[Entries taken from a collection]
◆ ◆ ◆ ◆ ◆
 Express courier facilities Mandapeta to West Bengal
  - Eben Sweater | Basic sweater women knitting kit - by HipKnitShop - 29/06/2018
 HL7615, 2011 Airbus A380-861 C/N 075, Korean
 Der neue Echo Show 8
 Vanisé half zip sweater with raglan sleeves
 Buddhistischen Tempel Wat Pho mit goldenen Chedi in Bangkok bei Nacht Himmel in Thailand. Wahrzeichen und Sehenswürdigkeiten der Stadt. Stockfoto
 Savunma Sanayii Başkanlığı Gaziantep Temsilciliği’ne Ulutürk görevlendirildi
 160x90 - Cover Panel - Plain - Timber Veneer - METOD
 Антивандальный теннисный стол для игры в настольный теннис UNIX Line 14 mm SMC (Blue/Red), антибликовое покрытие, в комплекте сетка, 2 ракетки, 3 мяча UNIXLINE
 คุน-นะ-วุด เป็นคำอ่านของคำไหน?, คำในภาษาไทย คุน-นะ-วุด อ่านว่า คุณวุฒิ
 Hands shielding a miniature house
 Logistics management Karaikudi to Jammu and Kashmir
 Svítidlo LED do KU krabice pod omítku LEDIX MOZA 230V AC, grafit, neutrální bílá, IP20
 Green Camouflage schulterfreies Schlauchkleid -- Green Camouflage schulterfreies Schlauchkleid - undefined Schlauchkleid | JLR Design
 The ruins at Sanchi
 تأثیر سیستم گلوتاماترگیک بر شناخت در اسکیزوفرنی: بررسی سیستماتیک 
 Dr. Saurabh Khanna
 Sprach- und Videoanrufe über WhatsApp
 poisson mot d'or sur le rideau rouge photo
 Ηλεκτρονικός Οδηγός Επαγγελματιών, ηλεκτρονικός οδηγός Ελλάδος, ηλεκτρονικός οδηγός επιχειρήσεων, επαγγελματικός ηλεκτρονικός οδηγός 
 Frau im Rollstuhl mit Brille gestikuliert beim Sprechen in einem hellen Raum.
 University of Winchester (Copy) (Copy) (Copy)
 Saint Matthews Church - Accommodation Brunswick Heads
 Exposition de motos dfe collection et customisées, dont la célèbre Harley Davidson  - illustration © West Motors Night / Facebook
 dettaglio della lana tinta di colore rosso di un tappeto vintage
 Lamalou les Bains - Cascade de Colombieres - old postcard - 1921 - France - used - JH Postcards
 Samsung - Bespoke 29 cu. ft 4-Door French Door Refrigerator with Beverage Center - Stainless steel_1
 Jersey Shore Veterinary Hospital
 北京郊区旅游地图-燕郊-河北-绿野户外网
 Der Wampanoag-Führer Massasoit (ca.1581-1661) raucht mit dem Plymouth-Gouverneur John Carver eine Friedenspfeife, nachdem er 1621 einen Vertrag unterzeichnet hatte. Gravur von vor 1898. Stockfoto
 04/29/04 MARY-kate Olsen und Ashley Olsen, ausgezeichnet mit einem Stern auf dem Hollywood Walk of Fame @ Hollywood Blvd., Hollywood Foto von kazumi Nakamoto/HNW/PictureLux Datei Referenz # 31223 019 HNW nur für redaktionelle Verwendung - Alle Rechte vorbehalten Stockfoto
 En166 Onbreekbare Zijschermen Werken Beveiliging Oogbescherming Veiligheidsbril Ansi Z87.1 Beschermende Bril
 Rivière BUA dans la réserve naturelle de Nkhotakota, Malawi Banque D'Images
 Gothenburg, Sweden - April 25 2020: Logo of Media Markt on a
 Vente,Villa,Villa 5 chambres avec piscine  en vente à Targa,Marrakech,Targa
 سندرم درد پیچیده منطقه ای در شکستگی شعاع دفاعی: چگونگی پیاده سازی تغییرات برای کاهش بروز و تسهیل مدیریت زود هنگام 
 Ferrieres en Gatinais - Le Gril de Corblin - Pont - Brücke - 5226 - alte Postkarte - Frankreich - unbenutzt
◆ ◆ ◆ ◆ ◆
PROBLEM DESCRIPTION:
Taking the line with "Logistics management Karaikudi" as the first and the line with "Svítidlo LED do" as the last, retype that stretch of the data above exactly, with no other lines.

RESPONSE AREA:
 Logistics management Karaikudi to Jammu and Kashmir
 Svítidlo LED do KU krabice pod omítku LEDIX MOZA 230V AC, grafit, neutrální bílá, IP20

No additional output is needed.